The two castrate children—impossible to gauge their age: somewhere above normal puberty, at a guess—lifted the lid of the chest. Inside, among other things, lay a mass of silvery chains, links no wider around than his thickest finger.

Please, gods, if you exist after all—
but they
didn’t,
he’d watched the damn humans develop their religions, it was all fantasy and wishes. He abandoned the rest of the half-formed prayer with a sigh, wondering if Alyea were bothering. Probably not. Judging by the clarity and steadiness of her gaze, she’d locked herself into some insane human mindset that saw this entire situation as rational.

If we get out of this alive, I’m going to kill you with my own hands,
he thought, and grinned without real humor at the ironic foolishness of that.

The castrates filled two fist-sized stone cups with something colorless out of a leather bag: not water. As they brought it closer, Deiq’s nostrils flared at the sharp vapors coming from the cup. Some form of teyanain mountain lightning, with—something—he couldn’t place it.

He closed his hand around the cup, wishing they’d given him a lake of the stuff.

“This is commitment aloud,” Evkit said. “Ceremonial. Touch cups, bow, say intentions, drink all at once. The woman go first.
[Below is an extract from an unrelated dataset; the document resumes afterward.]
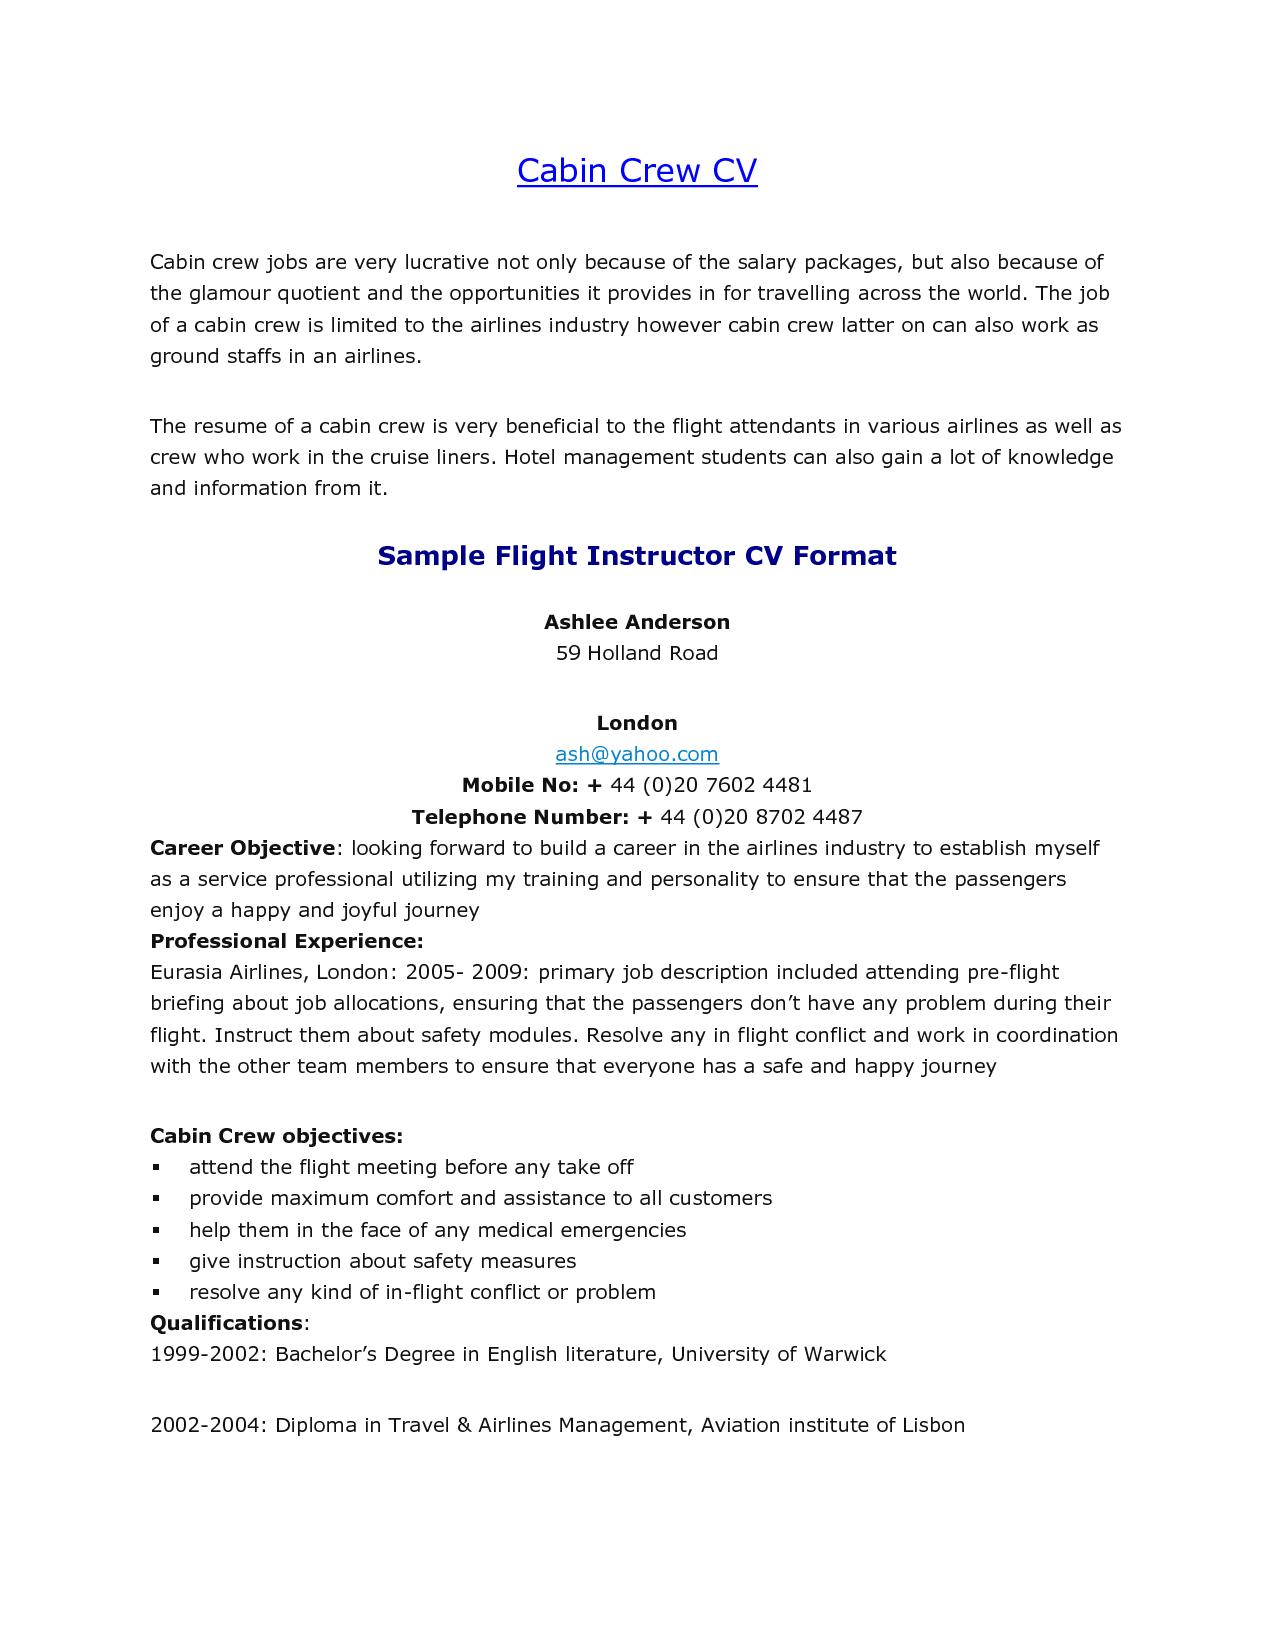 best solutions air canada flight attendant sample resume
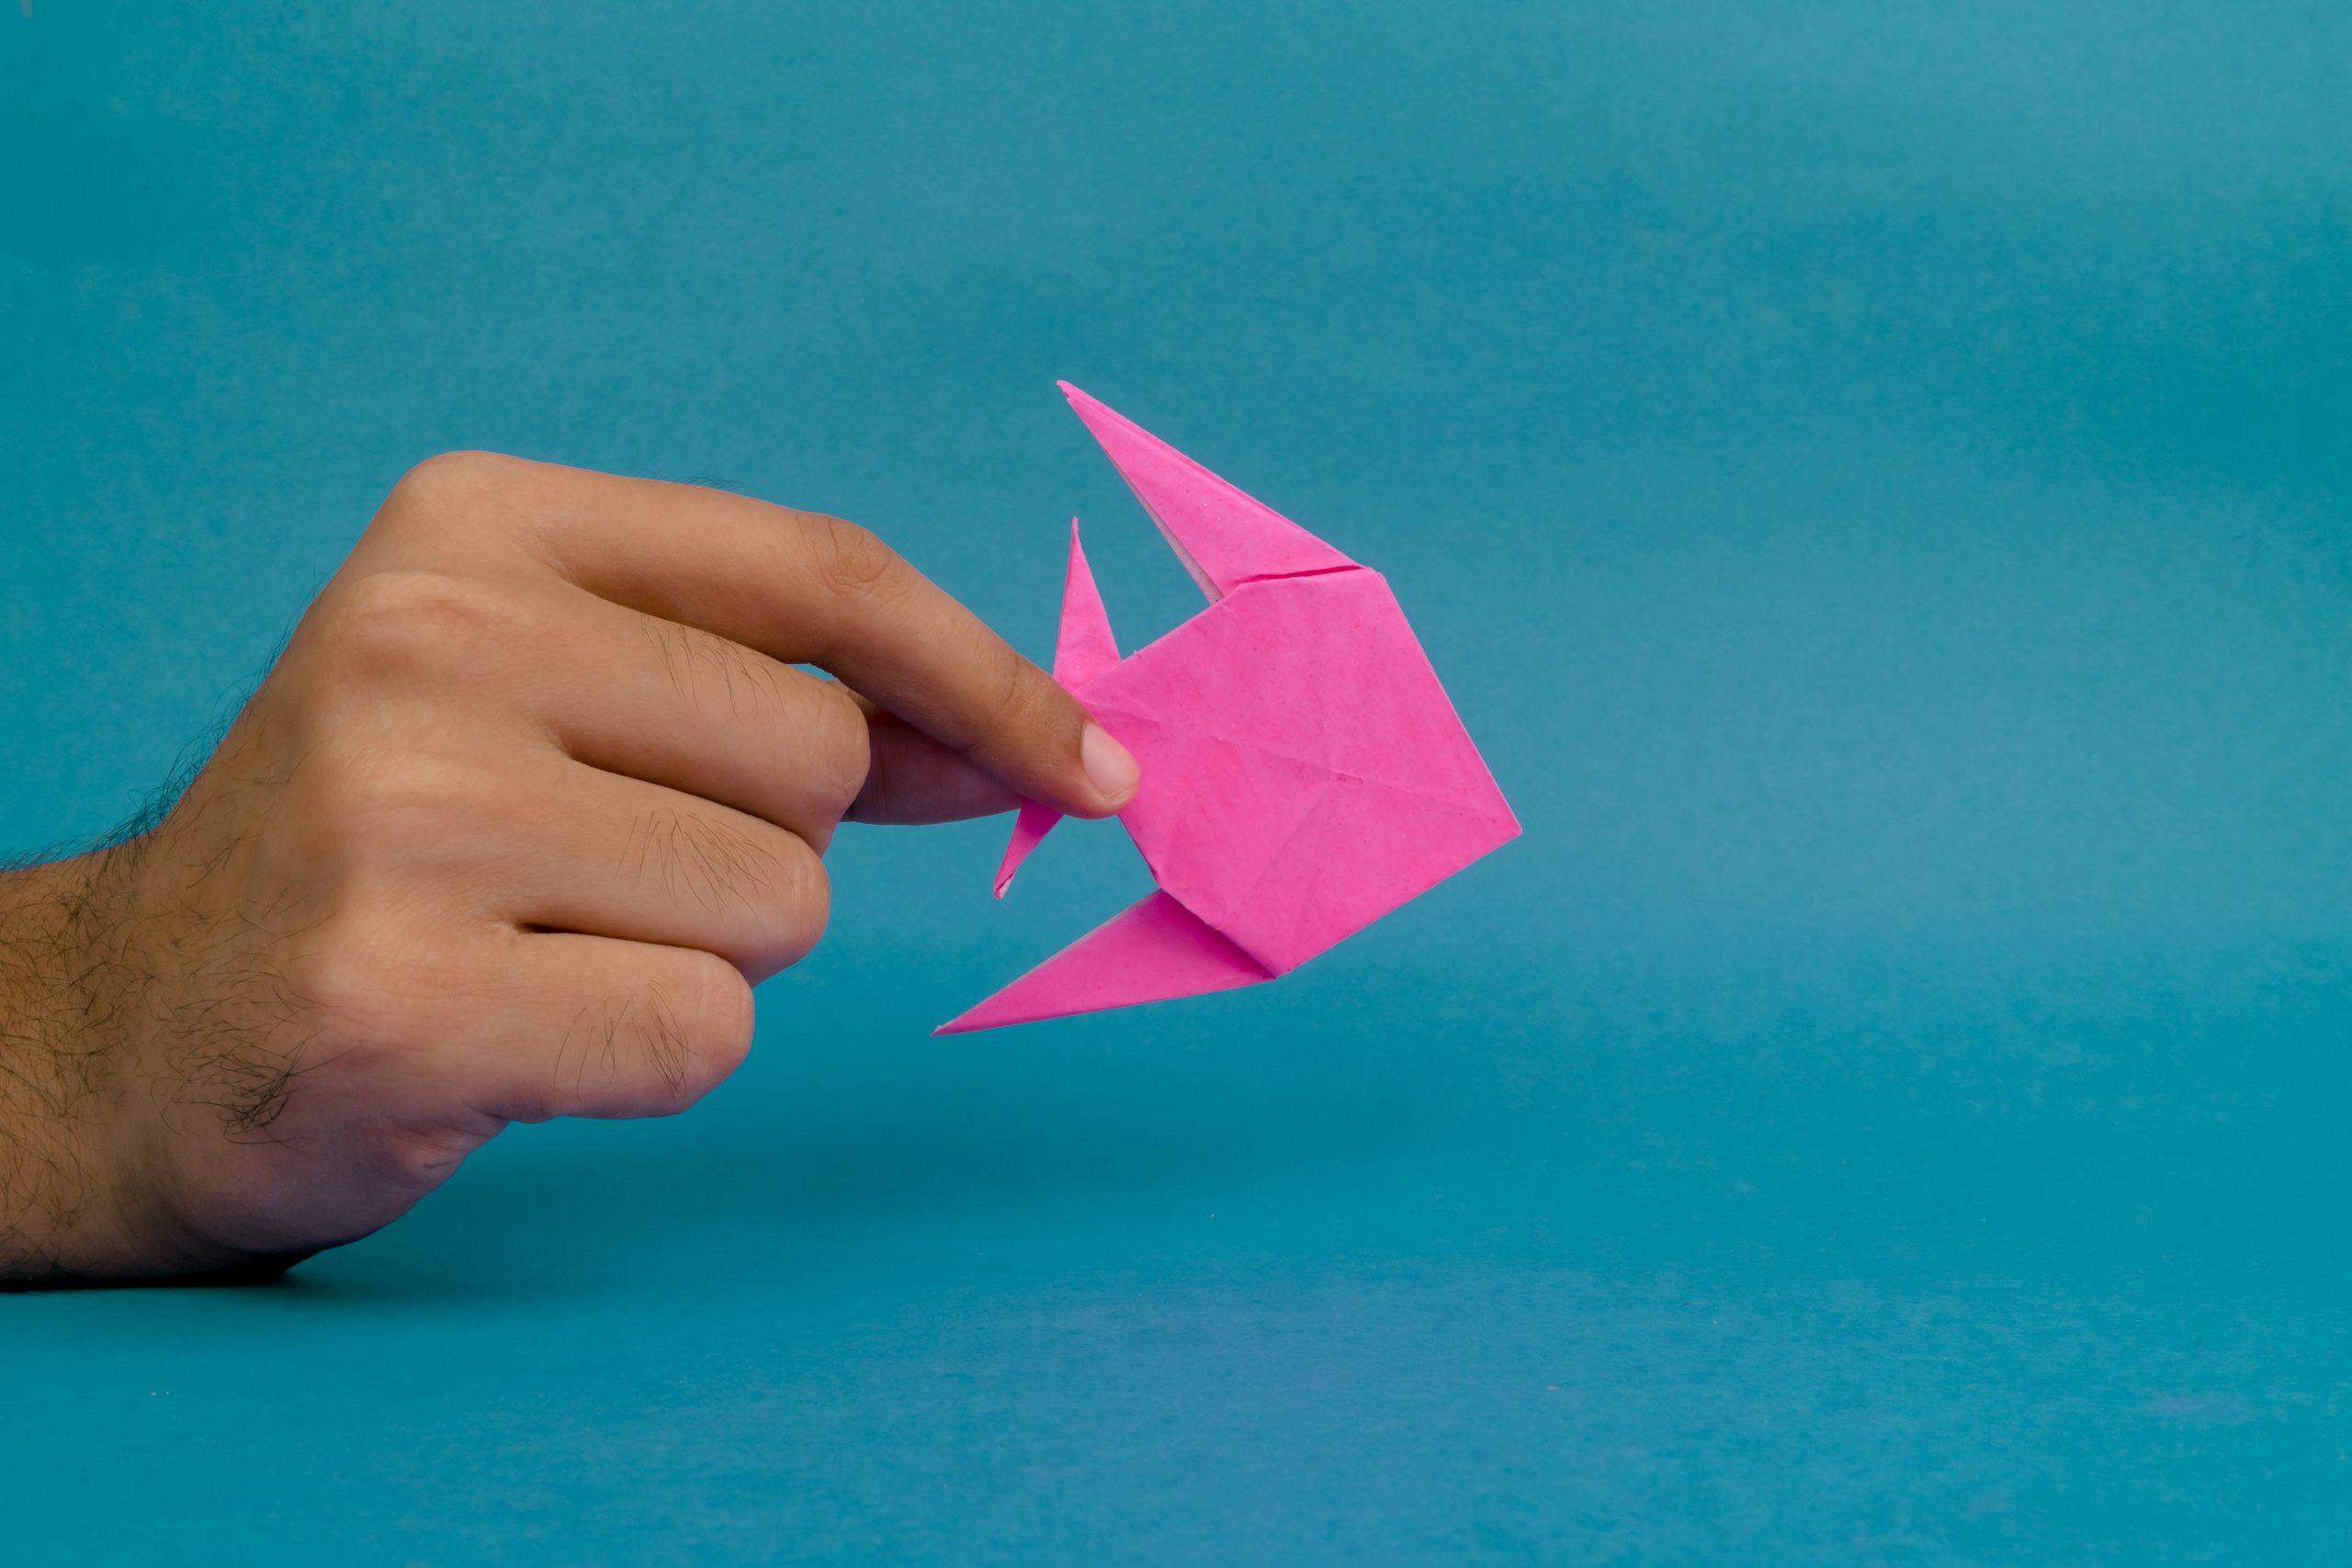 Origami fish in hand

Ha’inn, you drink if you accept her intention, then say yours; she drink if she accept yours.”

That, at least, was tradition as Deiq understood it.

Stone clicked against stone, Alyea’s hand steady. They bowed, matching their movements exactly; Deiq smiled a little as he straightened, amused over that. Had he been copying her movement, or she him? It didn’t really matter—and yet it did, to a distant, already aggrieved part of his mind.

Alyea said, very steadily, “I intend to give as I am given, support as I am supported, serve as I am served, by your side in all ways, through the rest of my life, however long that may be.”